We recorded our most recent album, ‘Doubtlands’ in my living room, so without including my home... Post Electric Studios are really nice, loads of amazing gear and Rod was excellent to work with. Mark Morrow was also brilliant to work with, all up and coming bands should check him out immediately!

What are your favourite festivals to play at?
We’ve been lucky enough to play at a few. T in the Park was an experience I’ll never forget, we played on its last ever year (no correlation I promise) which also happened to be my 10th consecutive year of going! We’ve also had great times playing at Belladrum up near Inverness and a great multi-venue festival in Stockton-on-Tees called Songs From Northern Britain!

What’s your personal favourite song you’ve released (or are about to release!)?
I really love a song called ‘Stairwell Songs’ which is towards the end of ‘Doubtlands’. It’s built on layered saxophone drones, features the vocals of our pal Emily Atkinson of Fourth Daughter and manages to reference Harry Dean Stanton which I’m very proud of.

If you could only listen to one artist for the rest of your life – excluding yourselves – who would you pick?
Morrissey. It’s really no contest. I could make an argument for the Dutch pianist Joep Beving though; classical music can match any mood, which might be useful for the rest of my life...

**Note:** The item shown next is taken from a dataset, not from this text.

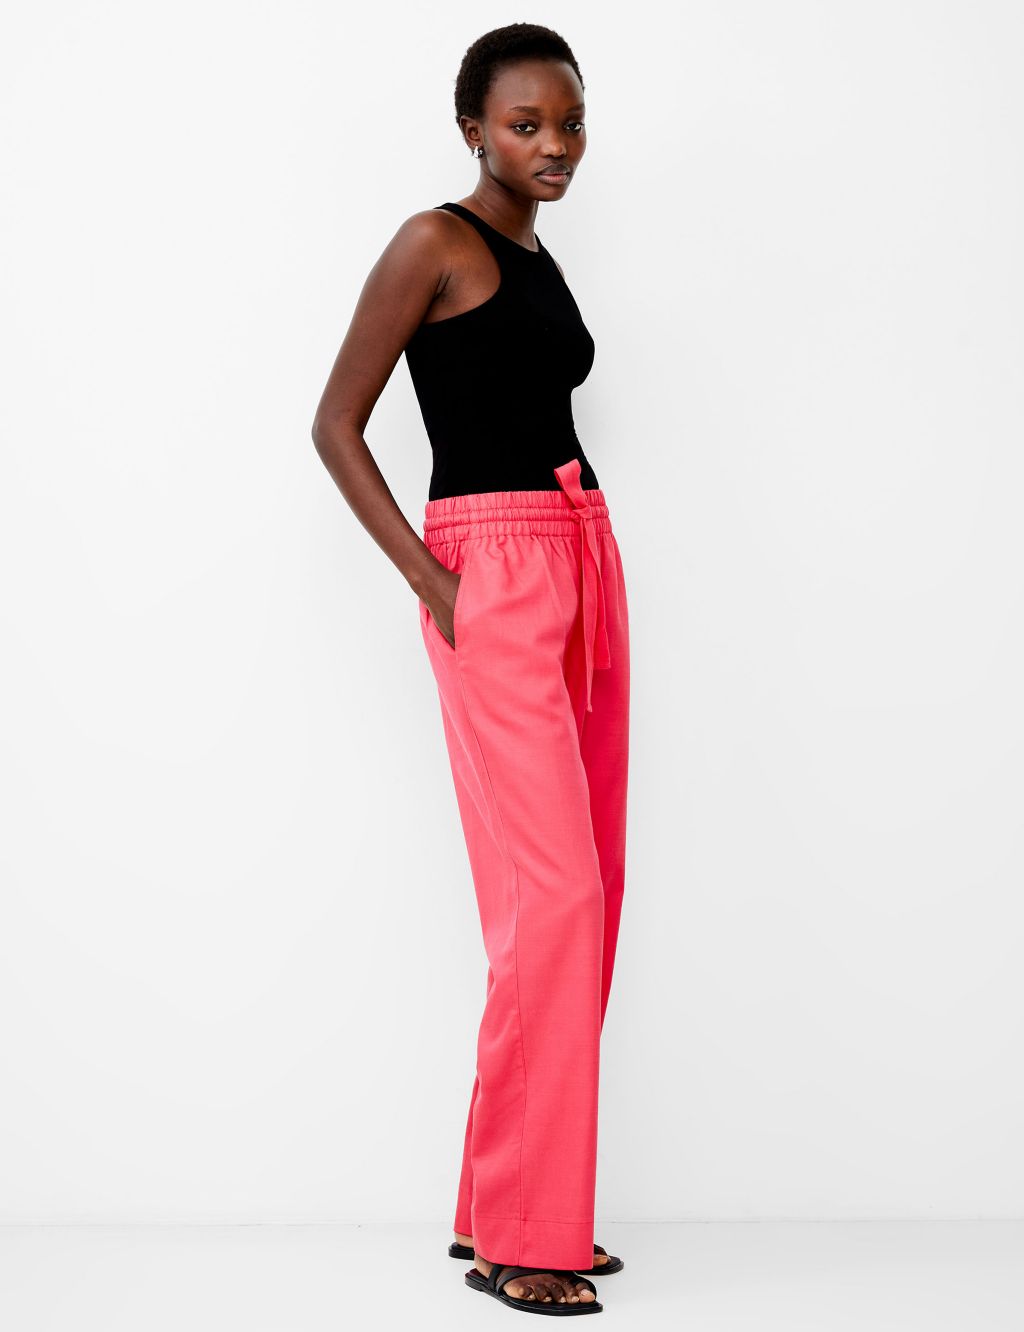 Women's Pink Trousers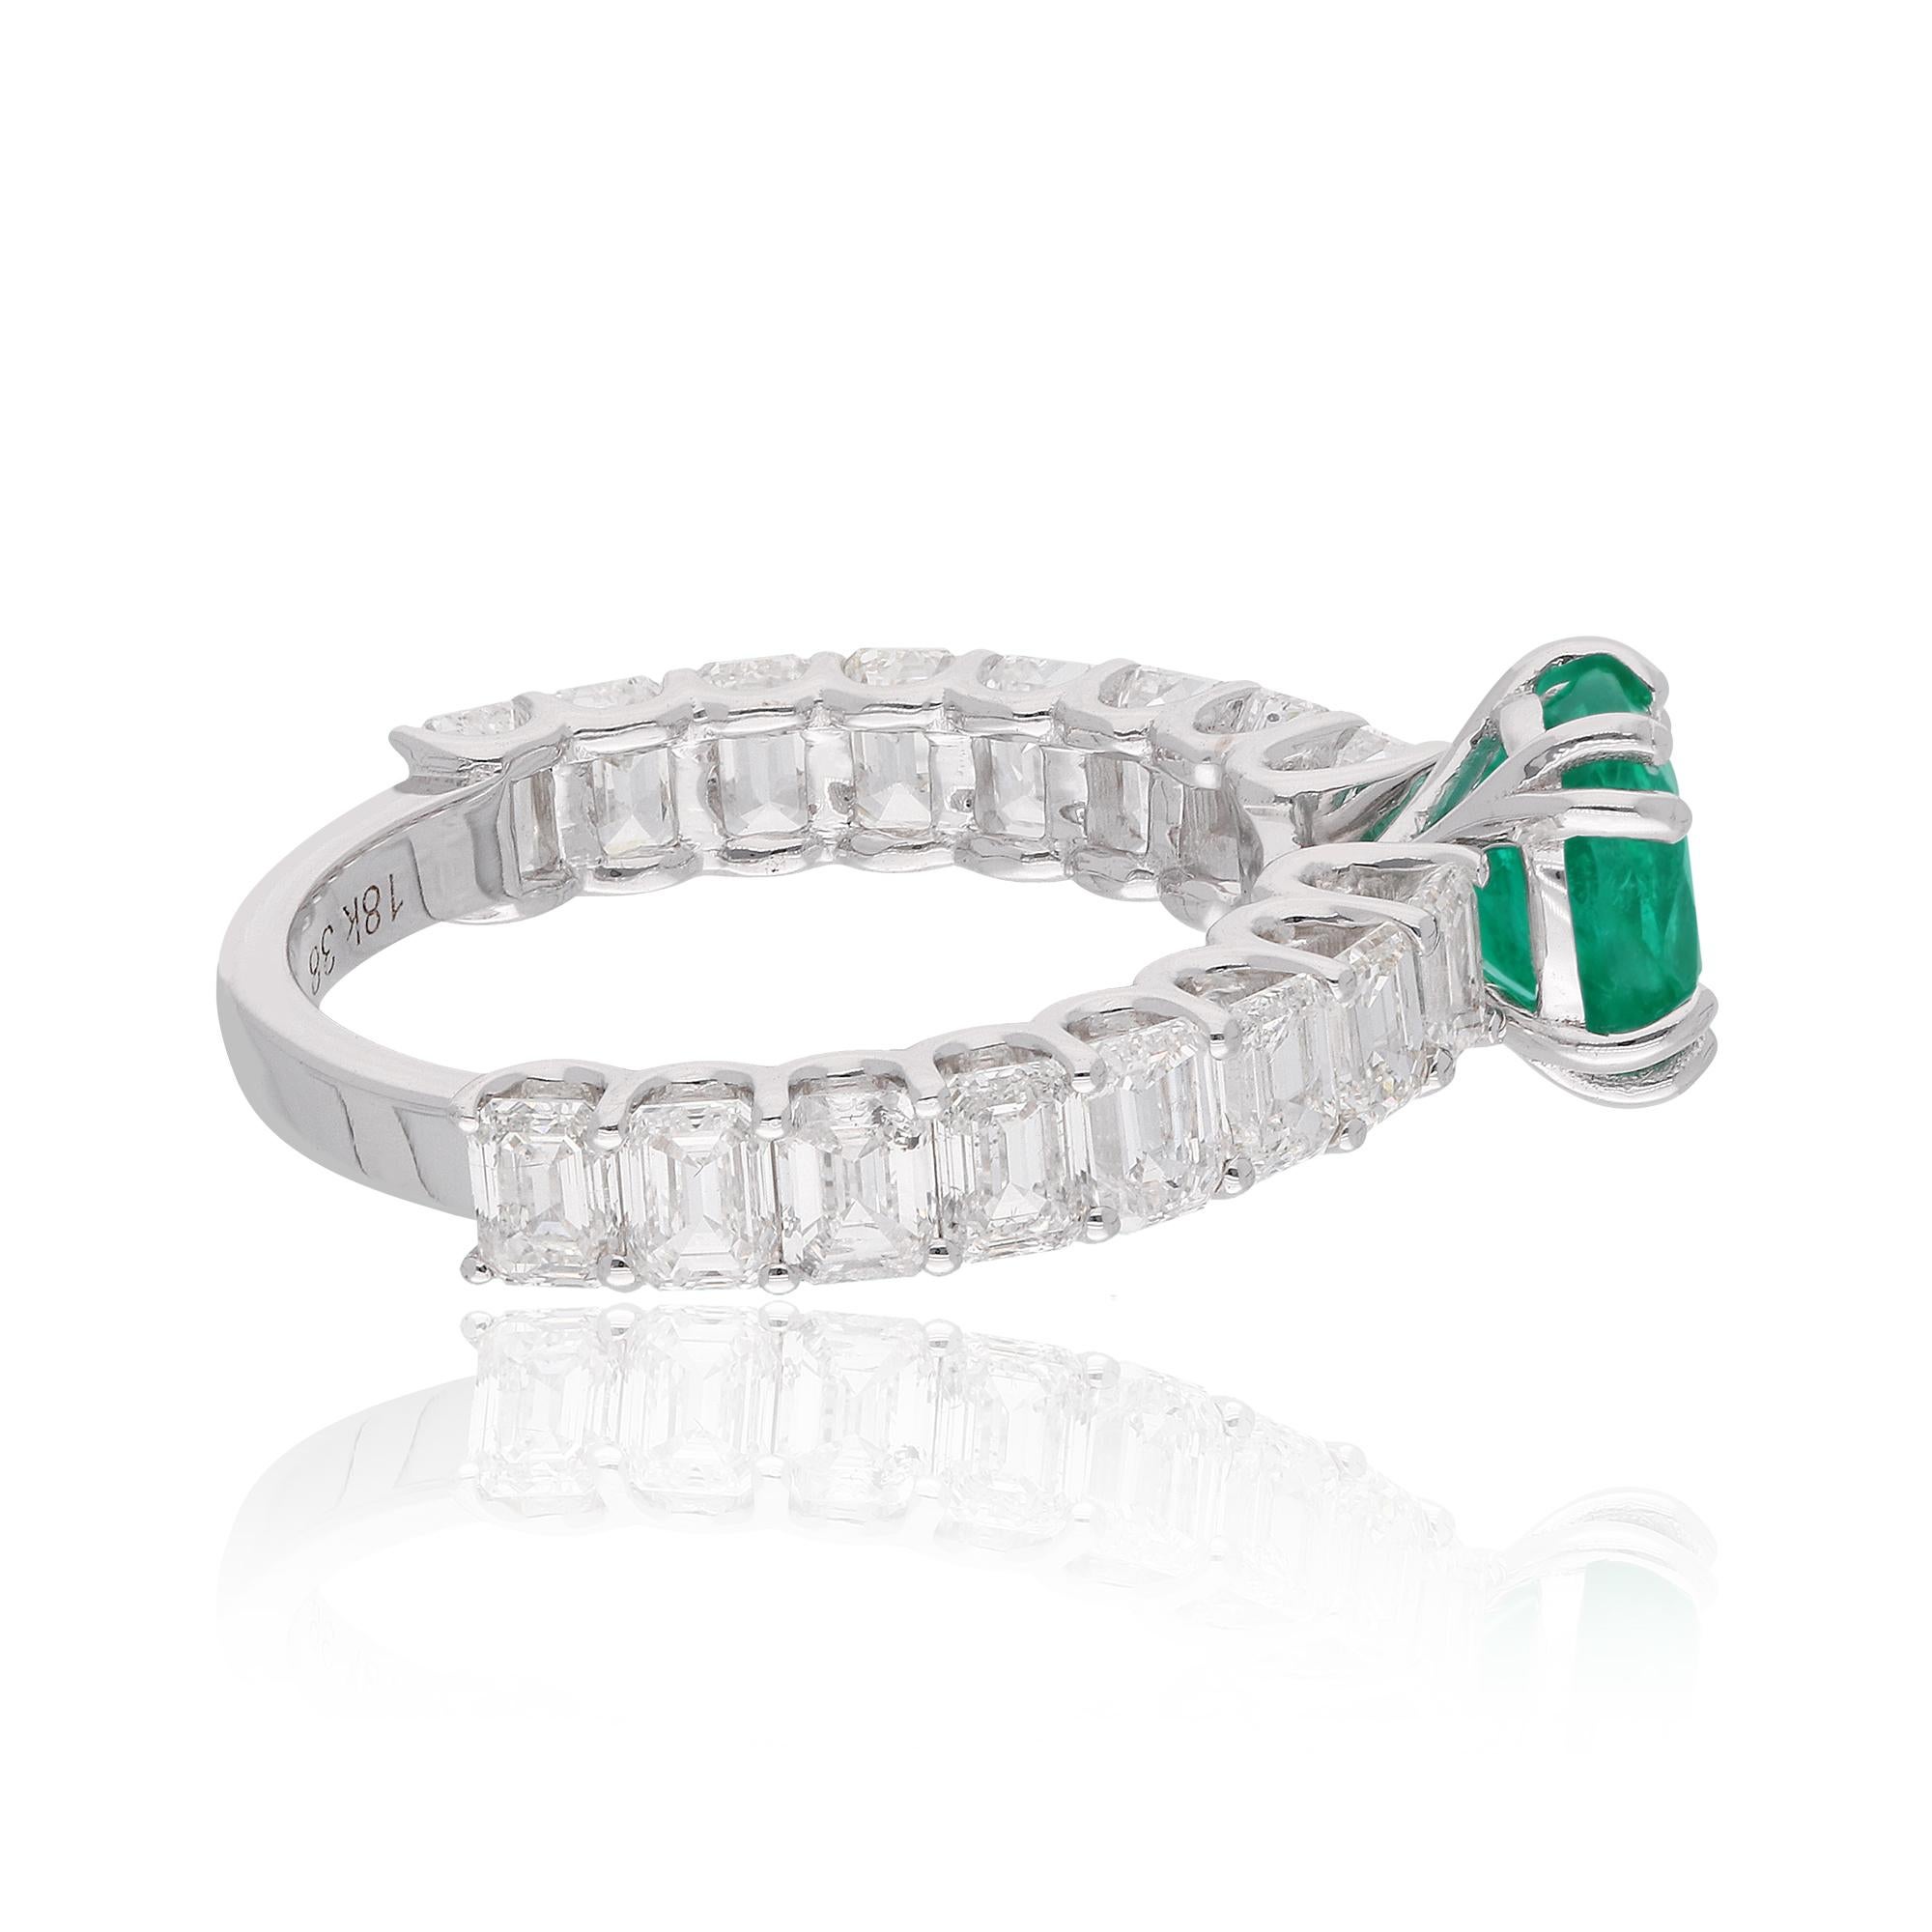 For Sale:  Natural Emerald Gemstone Ring Emerald Cut Diamond 18 Karat White Gold Jewelry 3

How do you promote yourselves? Is there any method you’ve found that has worked particularly well?
It’s just a matter of using all the evil social media platforms which are available. I long for the days my dad describes of music papers and going to shows because you saw the poster. But, hey, they’re dead it seems. I just try and get my personality across and engage with people who like our music.

I think the whole marketing, playlisting aspect of music today is really ripping the art out, which is a shame.

What’s next for you? Any gigs or releases coming up?
We’ve just released our third LP, ‘Doubtlands’, on Last Night From Glasgow. We’ll have a follow up single out in the world at some point I’m sure... no shows lined up just yet. Lockdown has been a great time for creativity, in my experience, so I’ve got a few more albums written. There’ll be more Mt. Doubt to come!